On February 6, 1928, during Student Week, Villalba delivered a speech at the National Pantheon against the dictatorship of Juan Vicente Gómez that made him famous.

Before the free conscience of America arises, whole and burning with strength, in the cry of a unanimous protest, the same ideal of Latin American fraternity that a hundred years earlier fit easily in the visionary gaze of the Liberator. In the lands of Venezuela the time of the hero has once again sounded like a toll for this glorious tomb in the restlessness of us, which is the restlessness of the gesture that is to come. Liberator, the time has once again come for your action to coincide for us in this moment of defining ourselves before destiny and before ourselves. Speak, O father, before the university, where the homeland was forged years ago and your rebellious voice of San Jacinto may be heard once again.
— Jóvito Villalba, Speech at the National Pantheon, 1928.

Villalba took part in the famous coup at San Carlos on April 7, 1928. In 1929 he was arrested and imprisoned in La Rotunda prison. A year later he was sent to San Felipe Castle in Puerto Cabello, where he spent six years. He used his time in prison to study English, French, German, and other subjects with his fellow inmates, effectively creating a “school” for illiterate prisoners. In 1934 he was exiled to Trinidad, where he remained until 1936, when after Gómez's death he was pardoned by Eleazar López Contreras. Villalba was the first of all the political exiles to return to Venezuela. He was one of the signatories of the Plan of Barranquilla of 1931.

Throughout his life and amid the vicissitudes of his political career, Dr. Villalba was a professor of Constitutional Law at the Faculty of Law of the Central University of Venezuela and of other subjects in the Schools of Economics and Journalism.

=== Leader of the URD party ===
Together with Rómulo Betancourt and other leaders, he founded the National Democratic Party (PDN), which later split. He was expelled again, and when he returned, he remained independent, resumed his studies, and finally graduated as a lawyer in 1943. On December 10, 1945, he founded the Unión Republicana Democrática (URD), a party of liberal, democratic, and nationalist tendencies, as he defined it. He was arrested during the Trienio Adeco in December 1946 and released in January 1947.
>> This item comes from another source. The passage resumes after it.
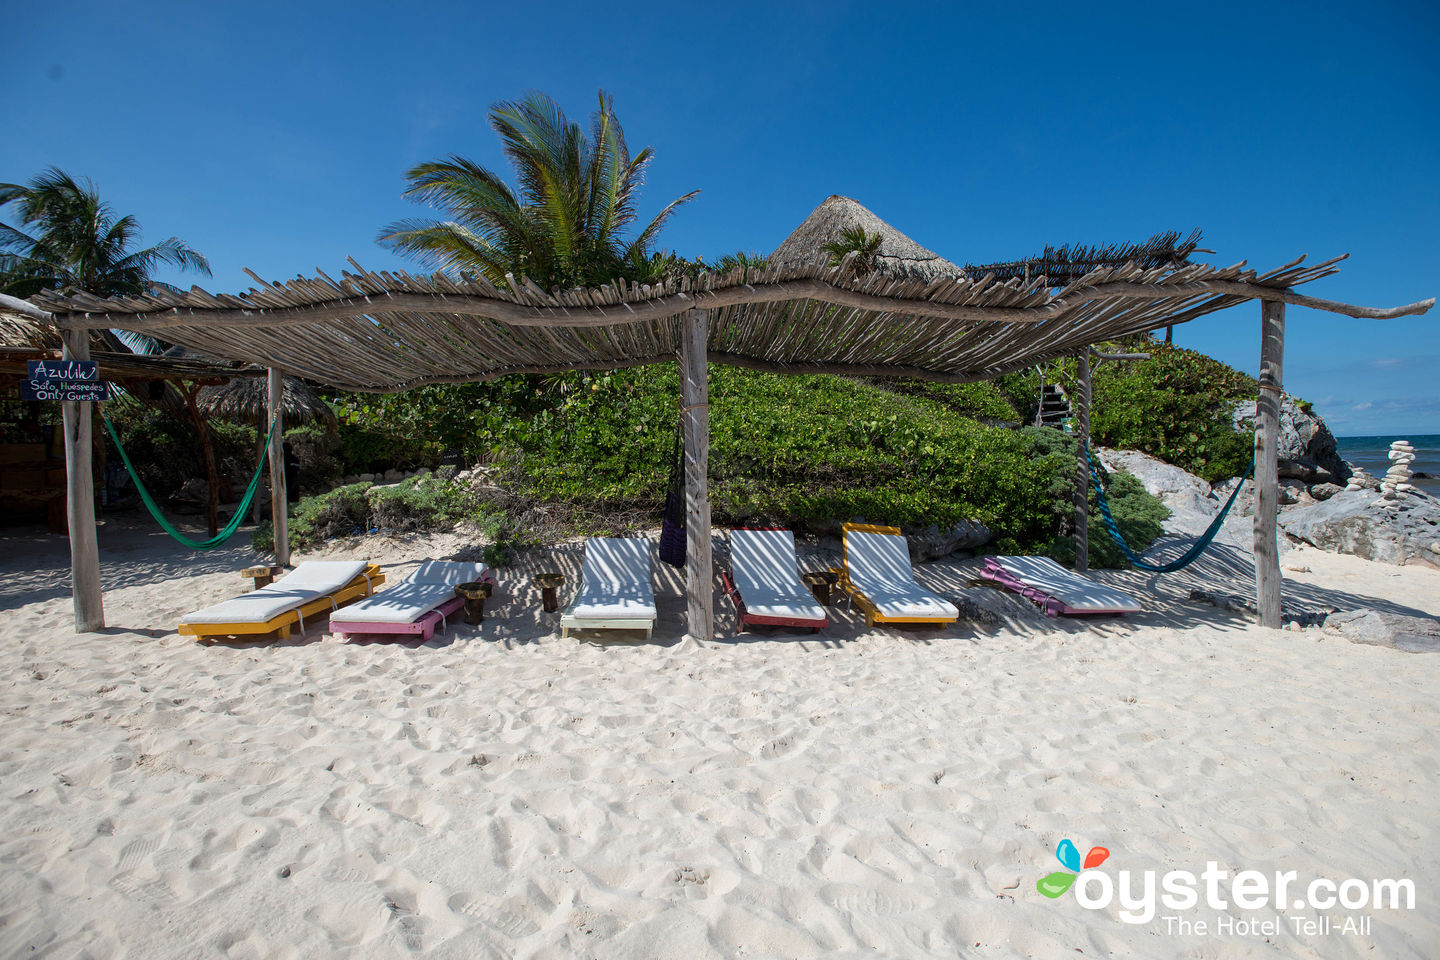 AZULIK Tulum Review: What To REALLY Expect If You Stay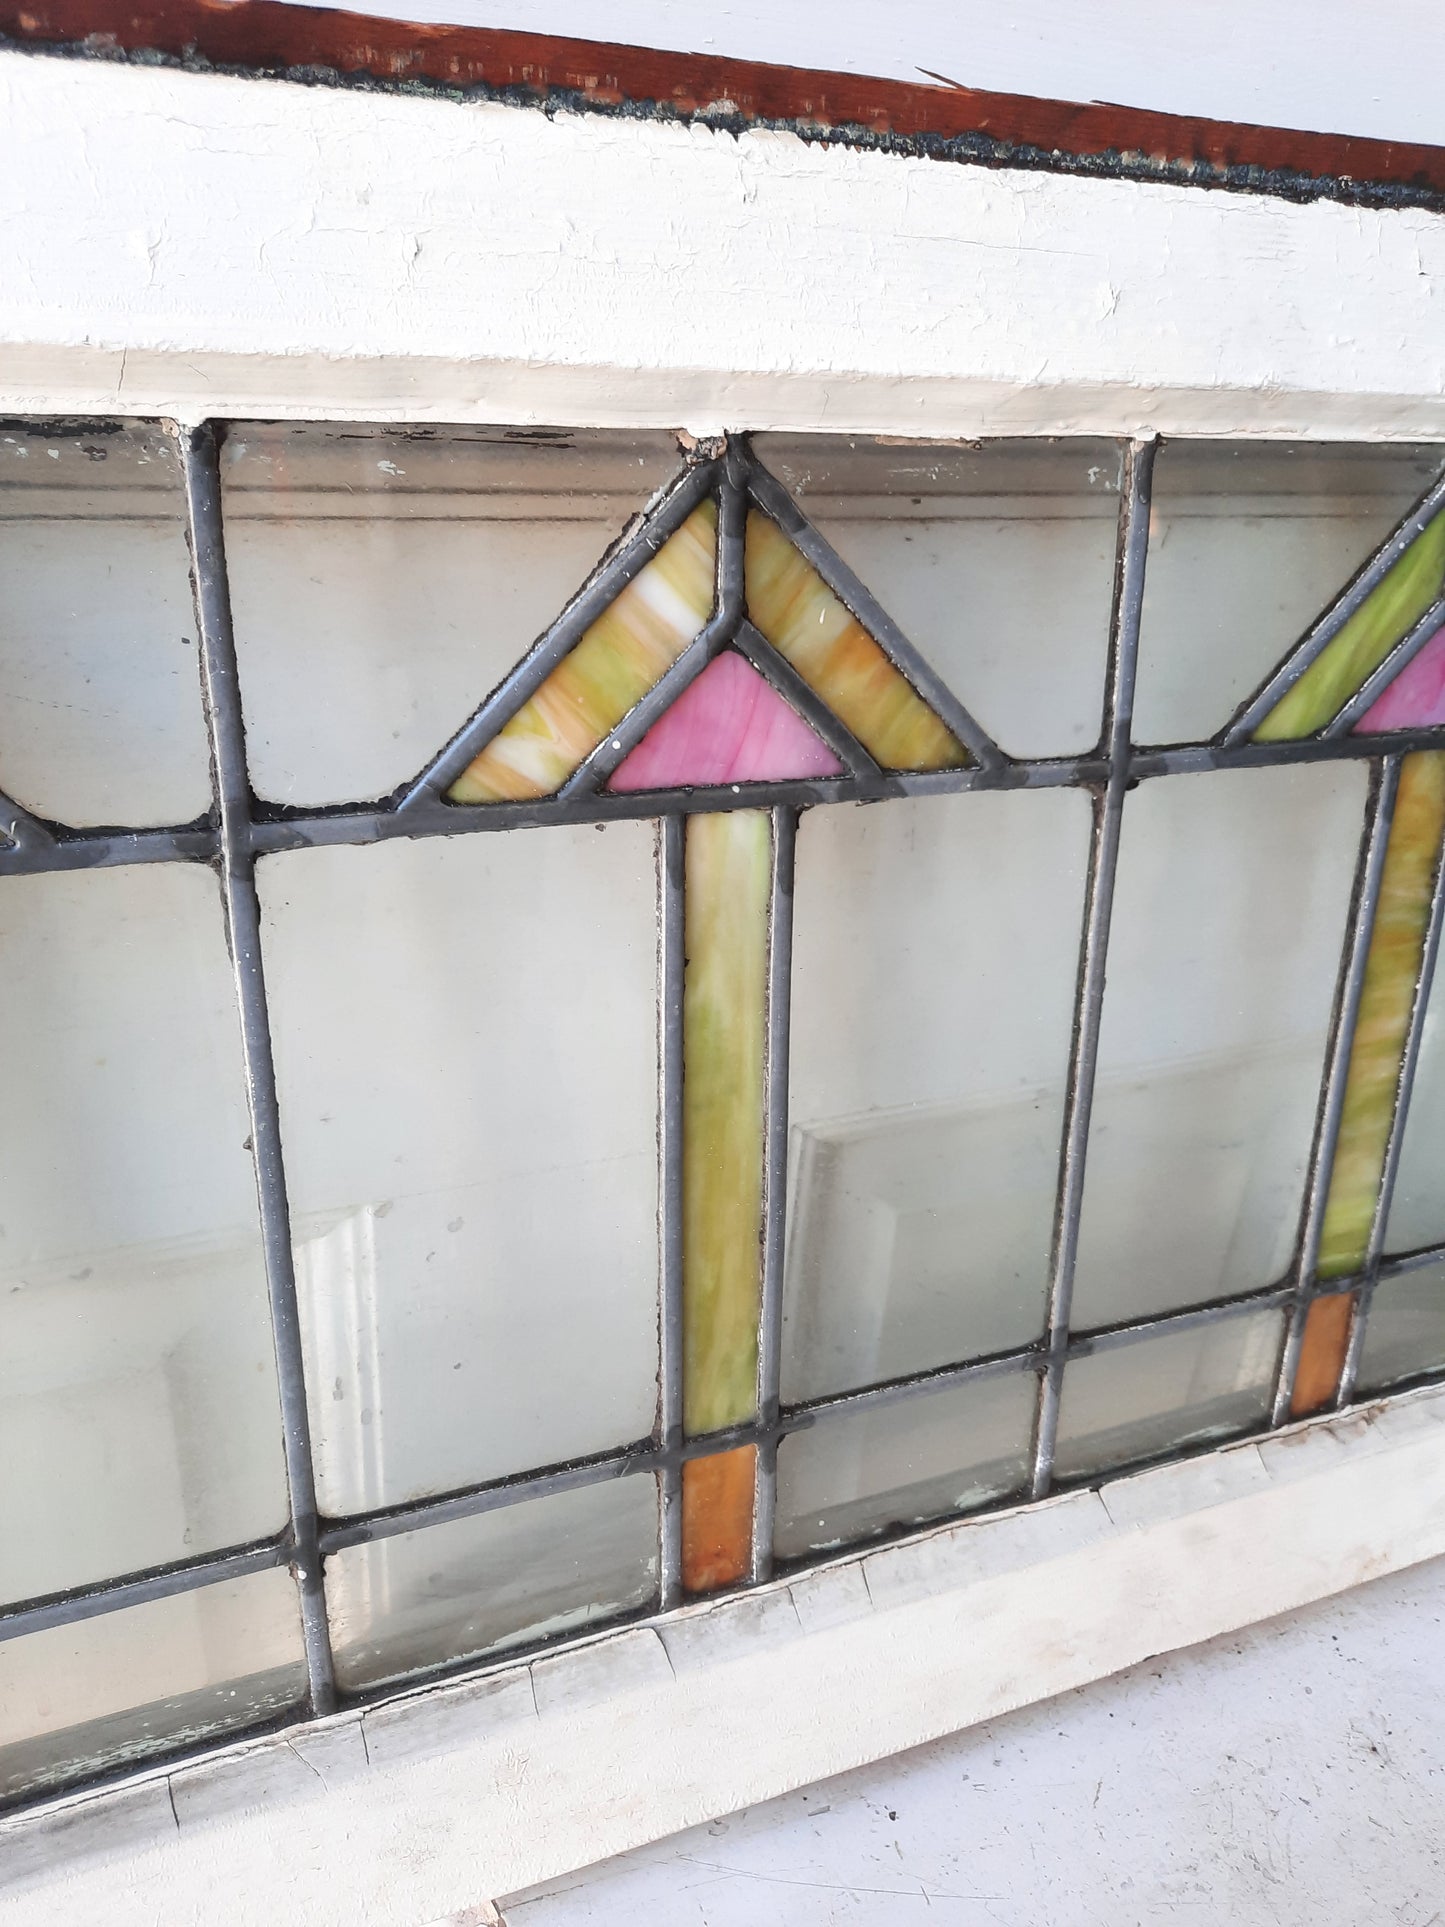 Arts and Crafts Style Stained Glass Window with Pink and Yellow Arrow Design

In 1952, he participated with his party in the elections to form the National Constituent Assembly. The elections were held on December 2, 1952, organized by the ruling Military Junta. The first partial results gave URD a wide majority of votes. After a long silence during the process, an announcement was made at 8:00 p.m. by Marcos Pérez Jiménez of the pro-government Frente Electoral Independiente (FEI), stating that the Military Junta had resigned and that Pérez Jiménez had been appointed provisional president. These elections were considered fraudulent by the political opposition to Pérez Jiménez. Three parties participated in them: the ruling FEI, COPEI, and URD. The National Electoral Council resigned in response to this fraud. Jovito Villalba was summoned to a meeting that turned out to be an ambush, and he was expelled from the country.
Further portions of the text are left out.